> [ABOUT THIS TASK]: Copy all lines below exactly as written. Leave pictures out.

> [INFORMATION PROVIDED]:
[Start of section]

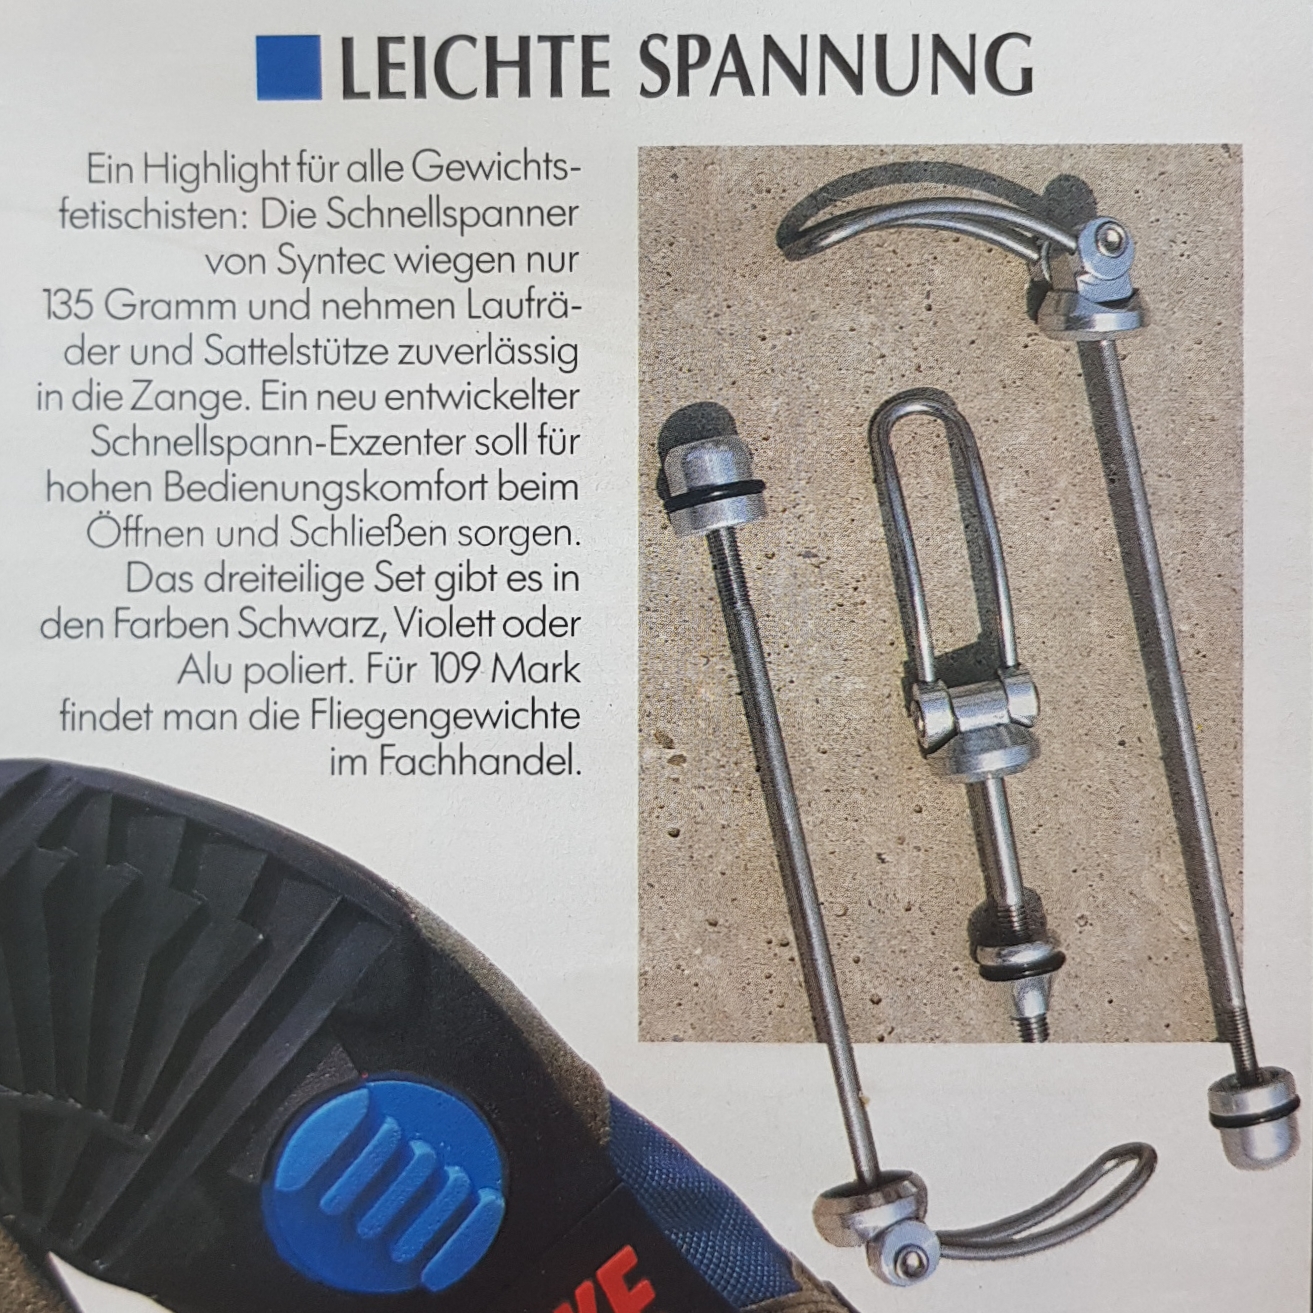 Syntec Schellspanner wie Sachs Hügi Acor Vorstellung aus Bike 8 1992.jpg
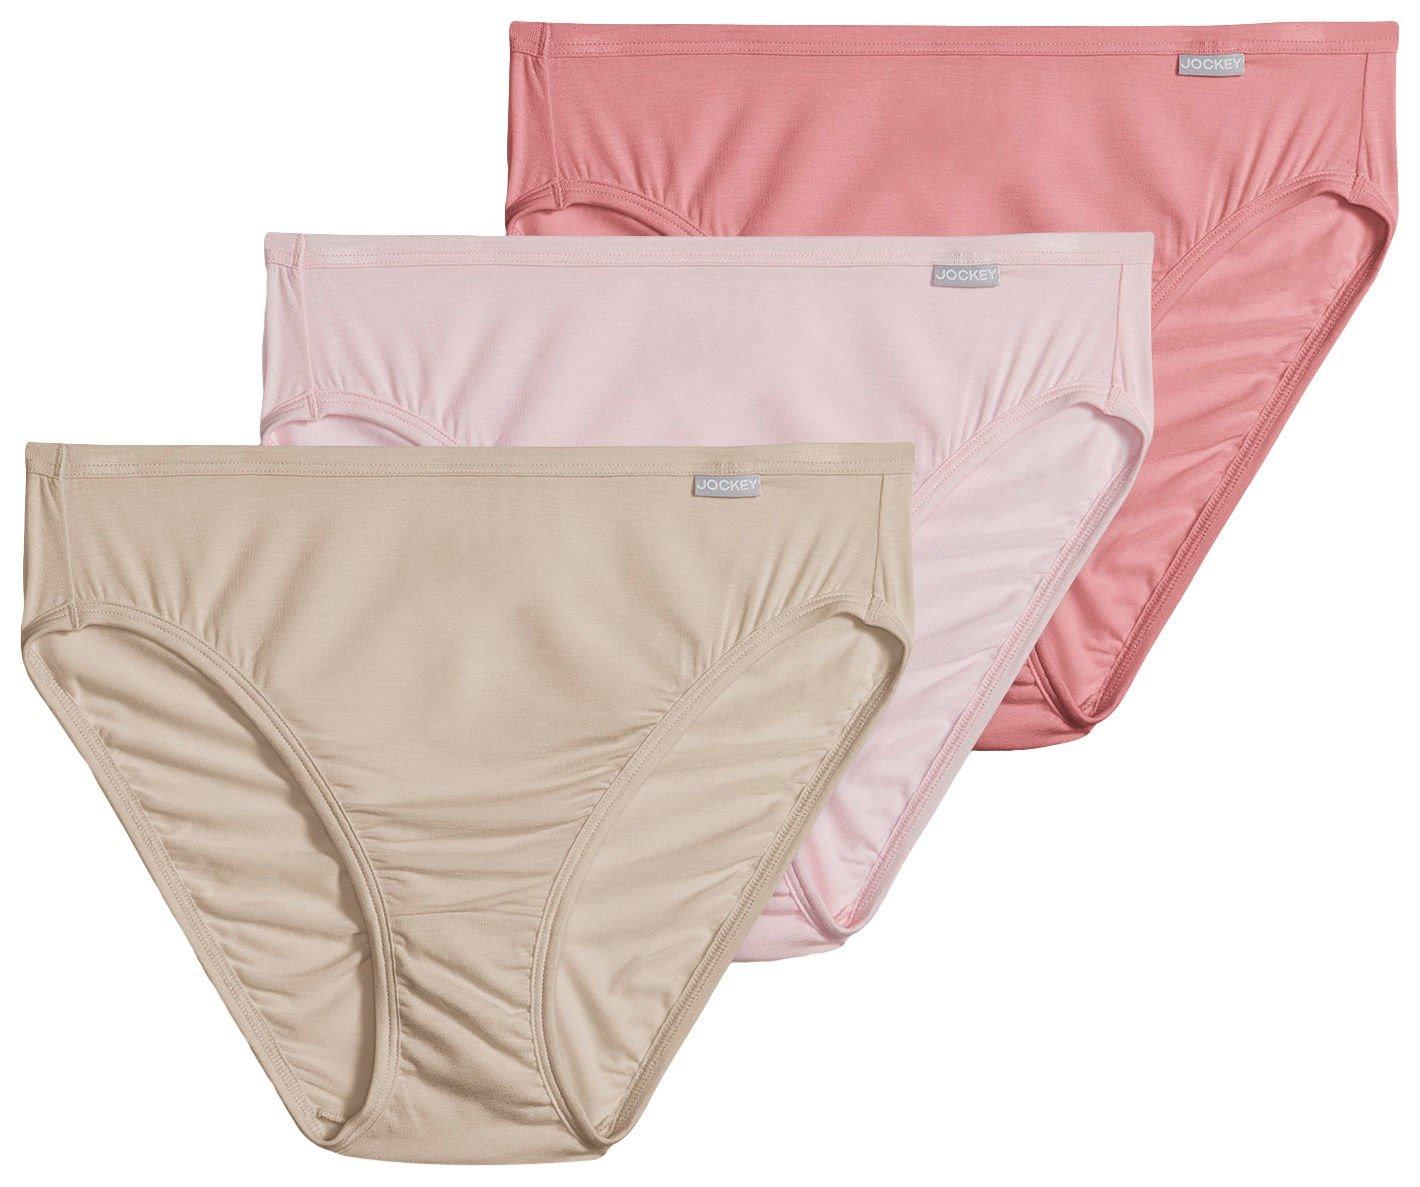 Best Deal for French Cut Underwear for Women Women Ice Silk
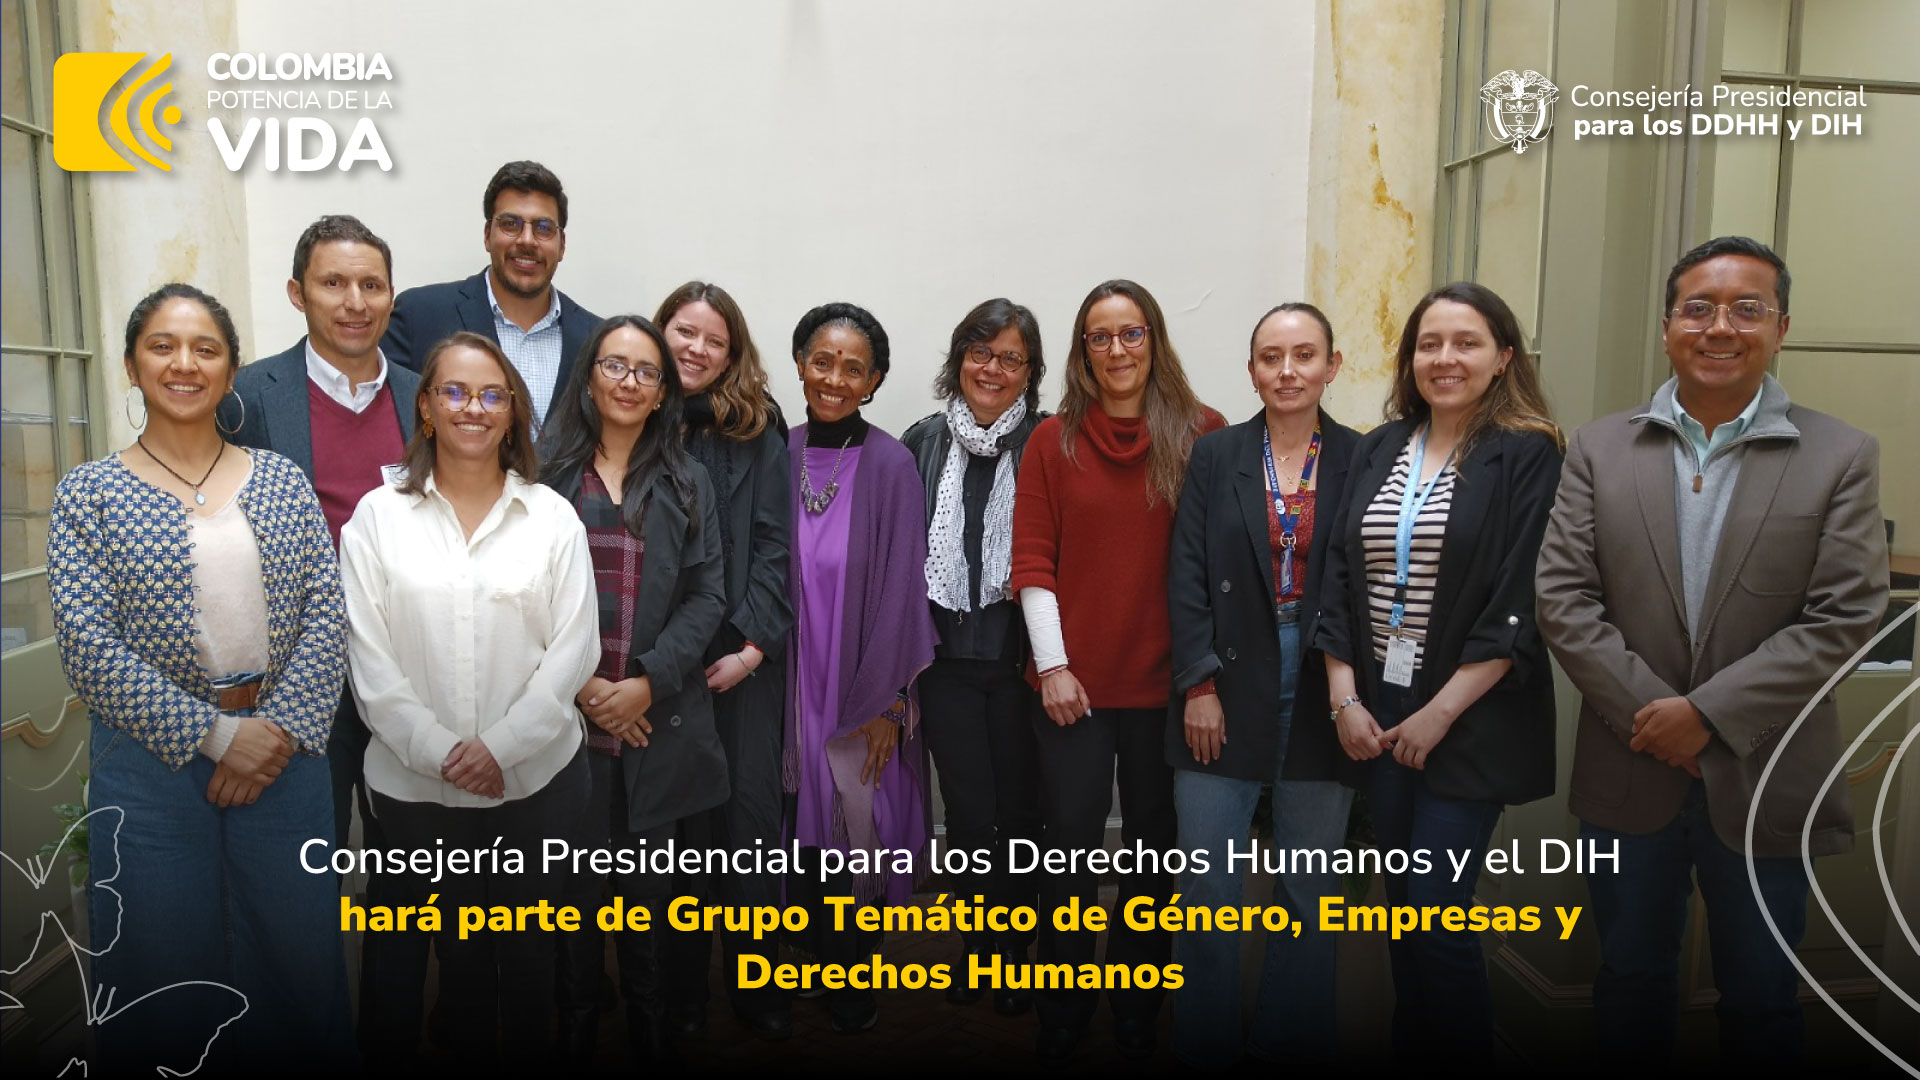 Consejería Presidencial para los Derechos Humanos y el DIH hará parte de Grupo Temático de Género, Empresas y Derechos Humanos

[End of section]

> [TASK ANSWER]:
 Syntec Schellspanner wie Sachs Hügi Acor Vorstellung aus Bike 8 1992.jpg
 Best Deal for French Cut Underwear for Women Women Ice Silk
 Consejería Presidencial para los Derechos Humanos y el DIH hará parte de Grupo Temático de Género, Empresas y Derechos Humanos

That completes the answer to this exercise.